= GOAL OF THE EXERCISE =
Whenever a picture appears in the data, skip it and write out all other material exactly.

= SOURCE MATERIAL =
>>>>>

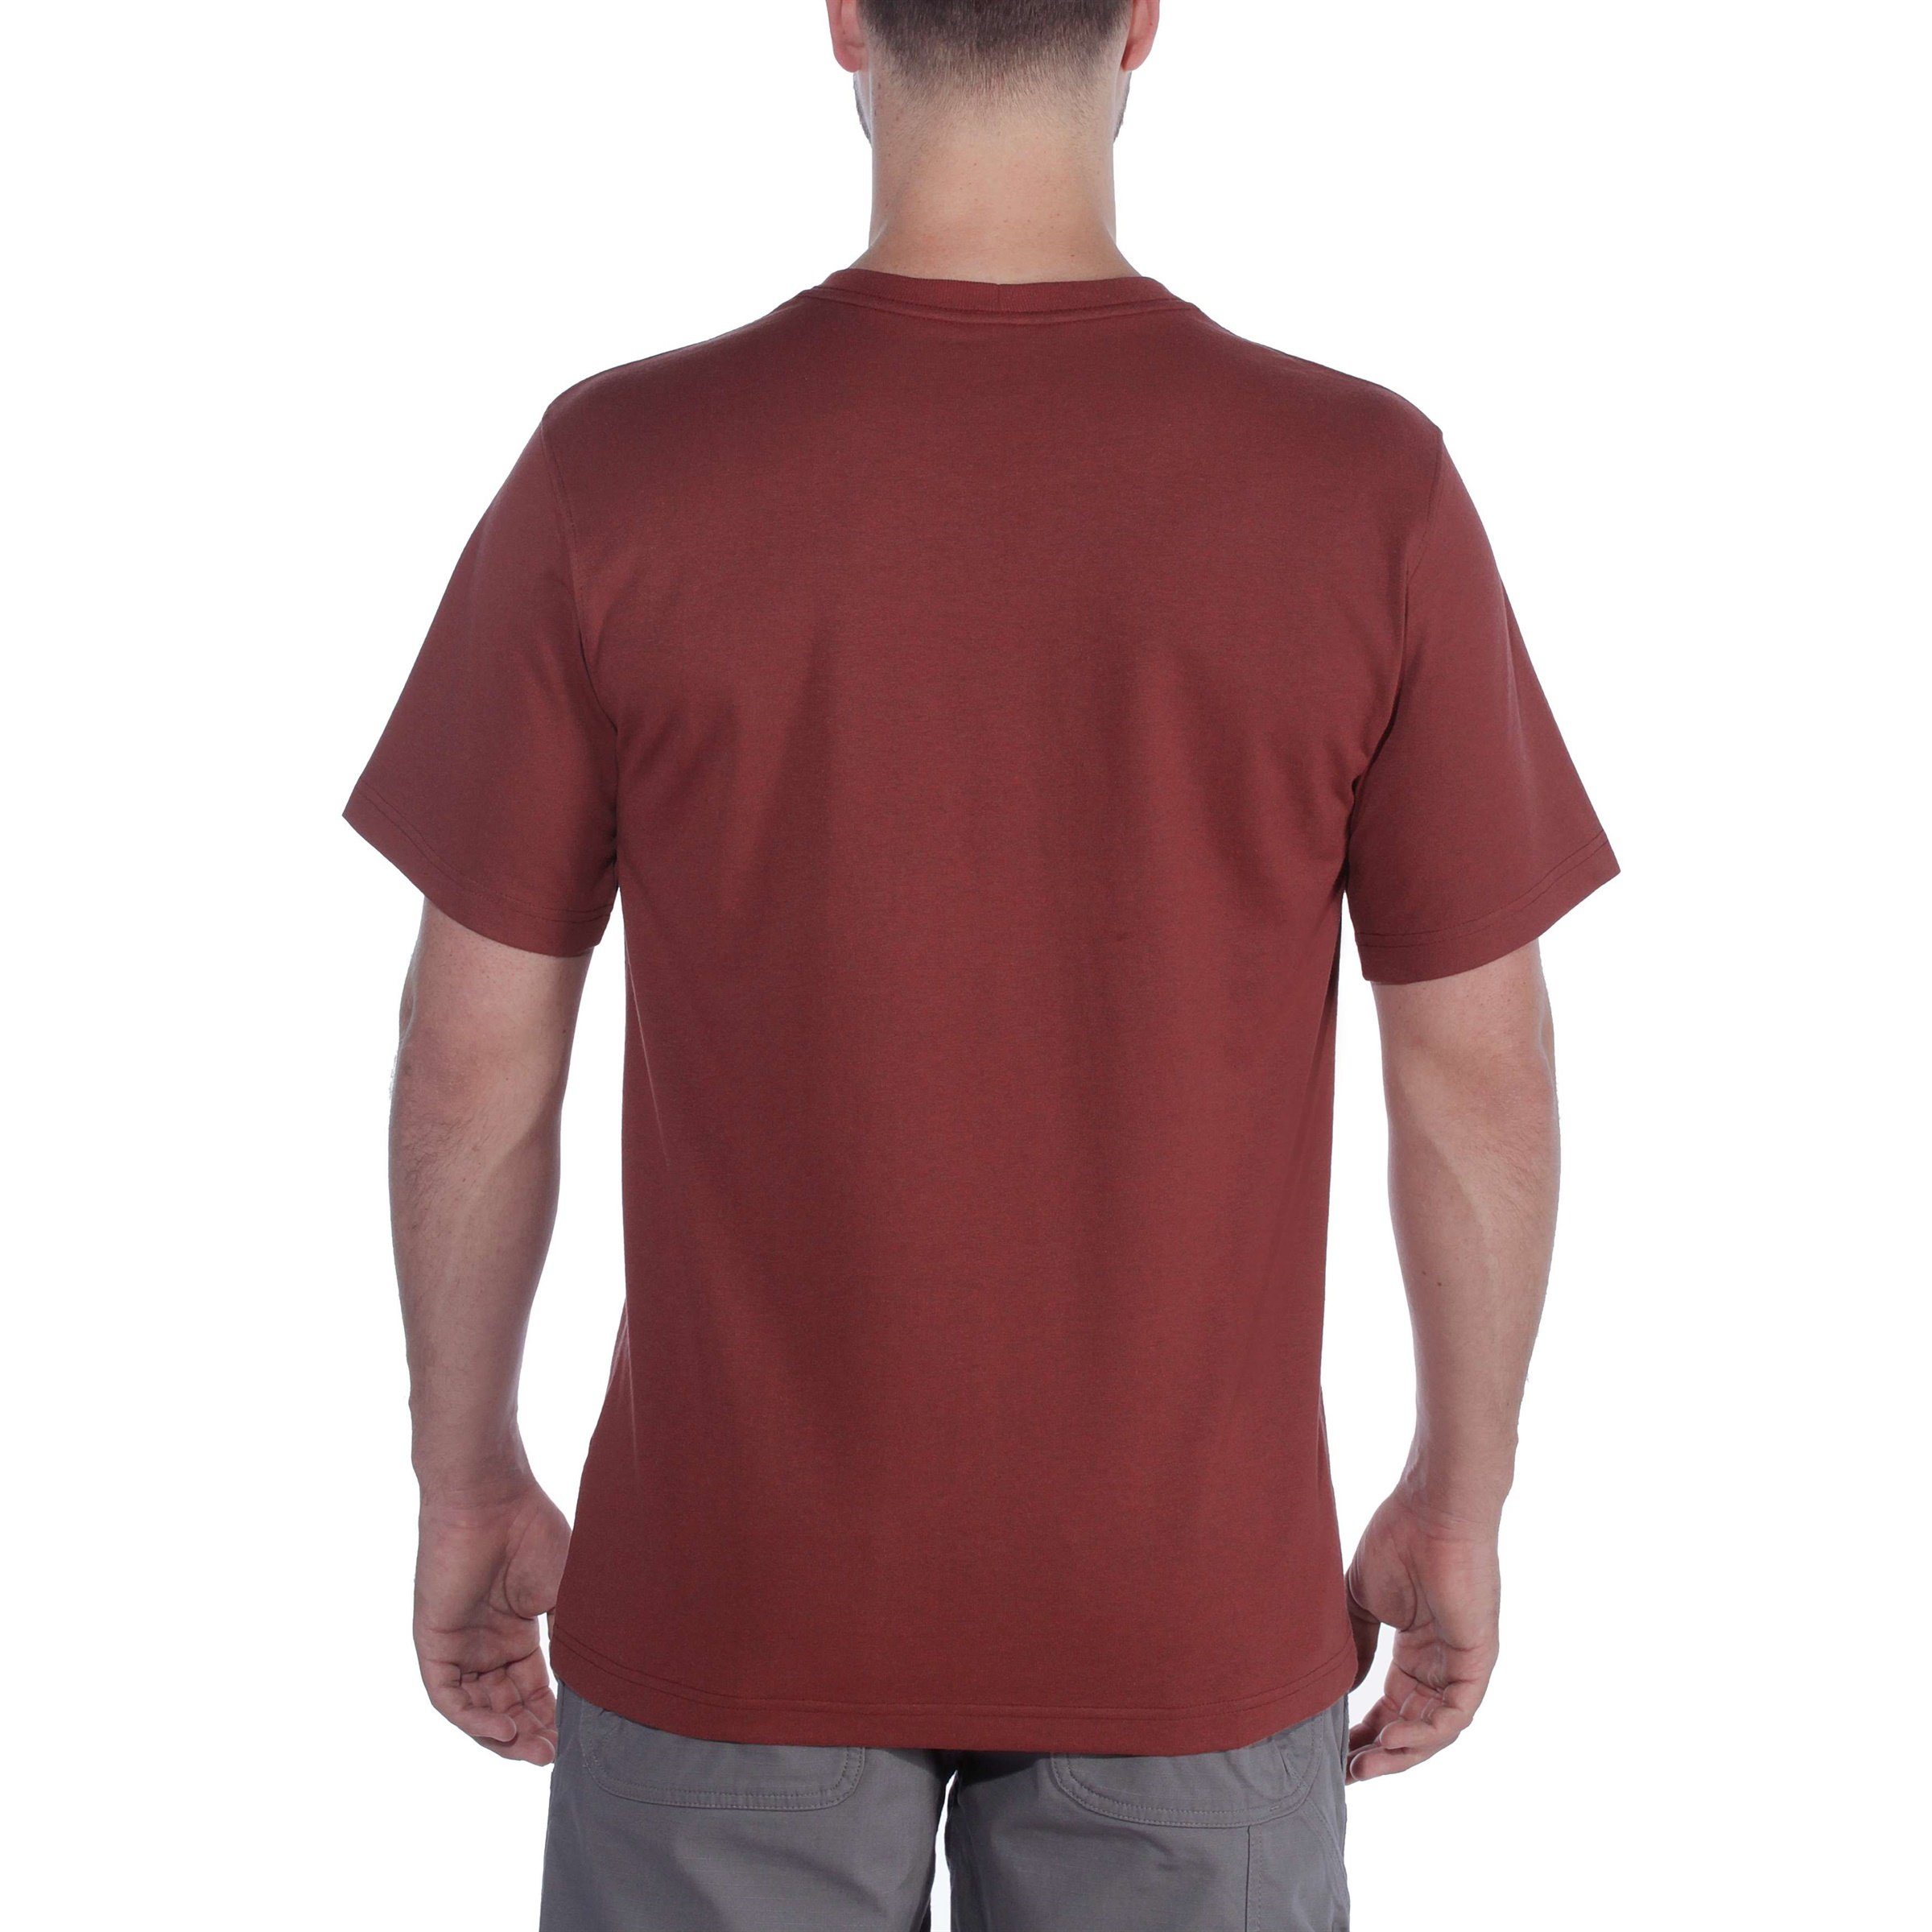 Carhartt T-Shirt Carhartt Herren T-Shirt Fit Short-Sleeve Relaxed Adult carbon Graphic Heavyweight heather Logo
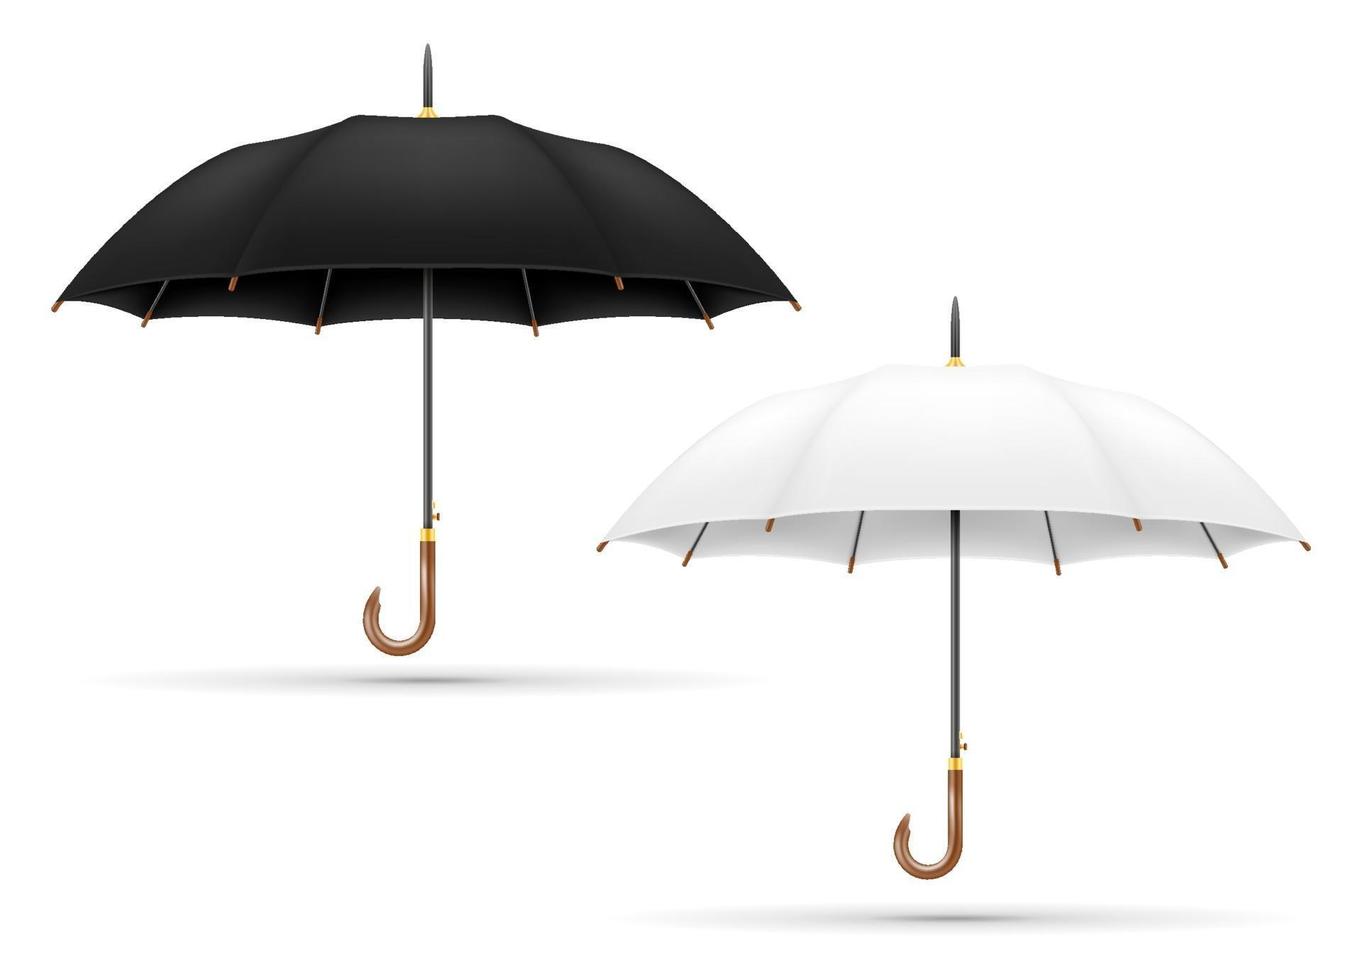 klassischer Regenschirm von Regenvorratvektorillustration lokalisiert auf Hintergrund vektor
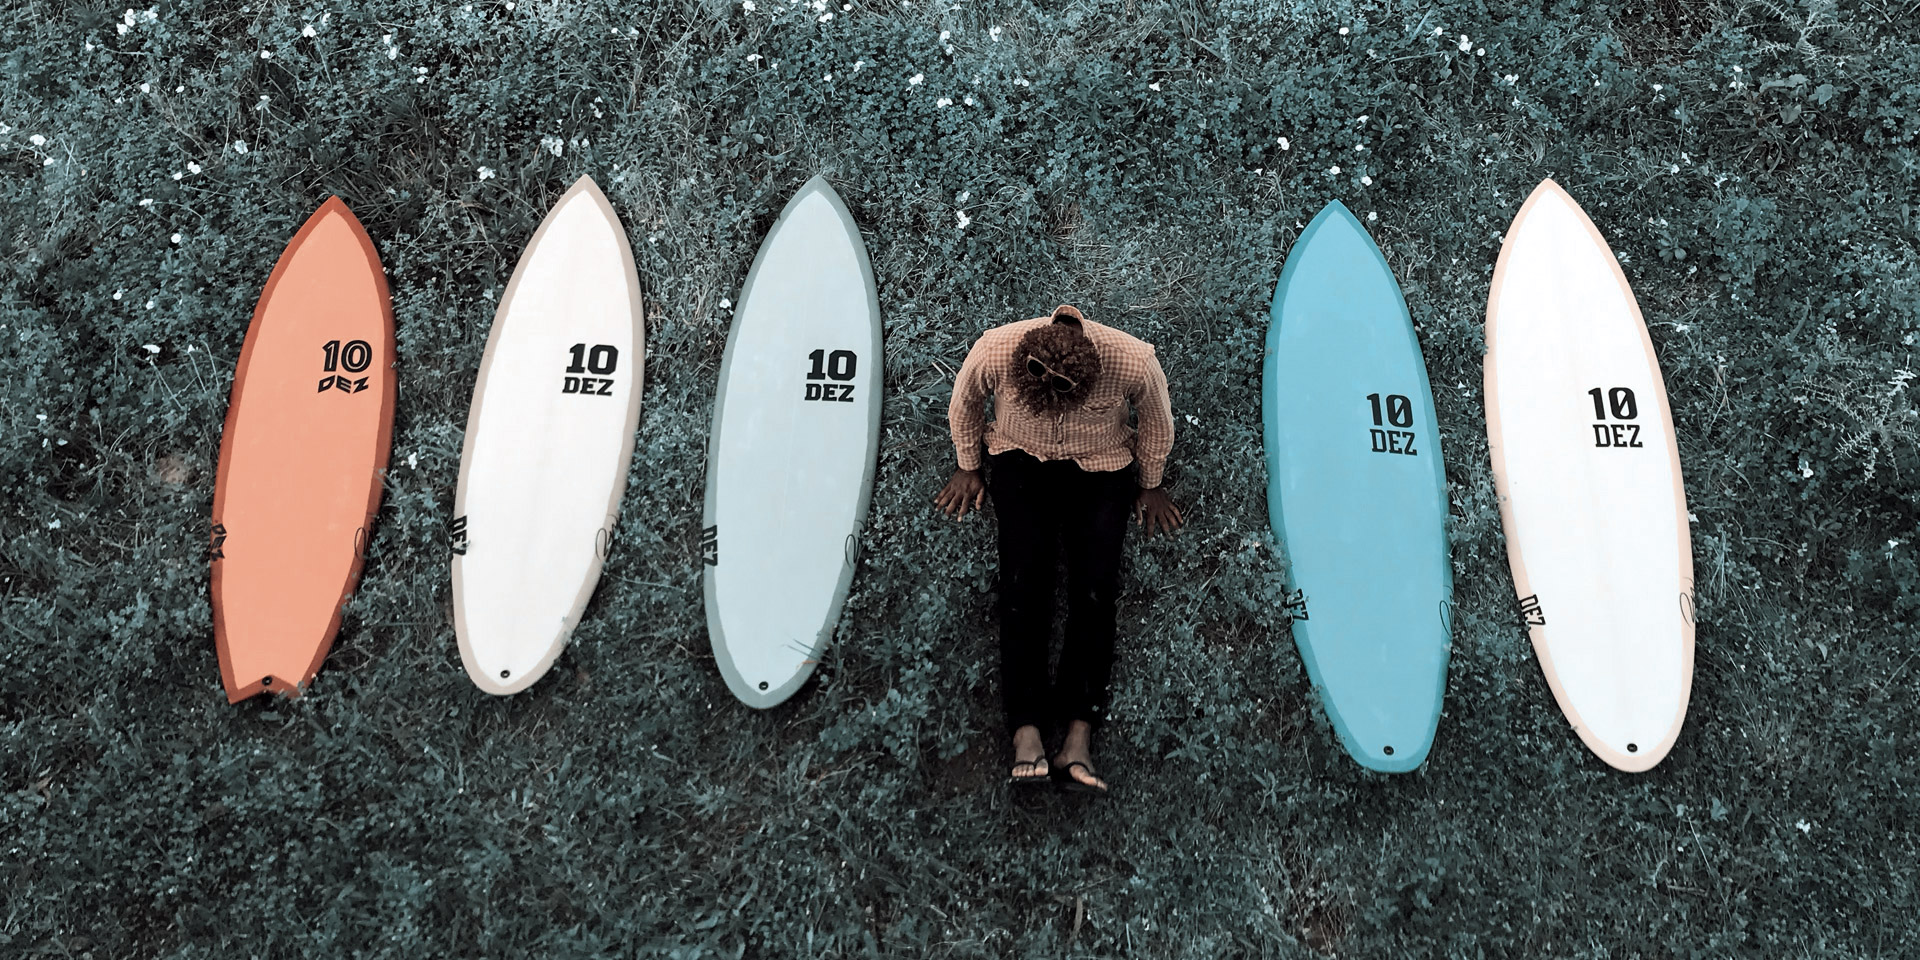 Dez Surfboards

<<<<<

= RESPONSE BELOW =
 Carhartt T-Shirt Carhartt Herren T-Shirt Fit Short-Sleeve Relaxed Adult carbon Graphic Heavyweight heather Logo
 klassischer Regenschirm von Regenvorratvektorillustration lokalisiert auf Hintergrund vektor
 Dez Surfboards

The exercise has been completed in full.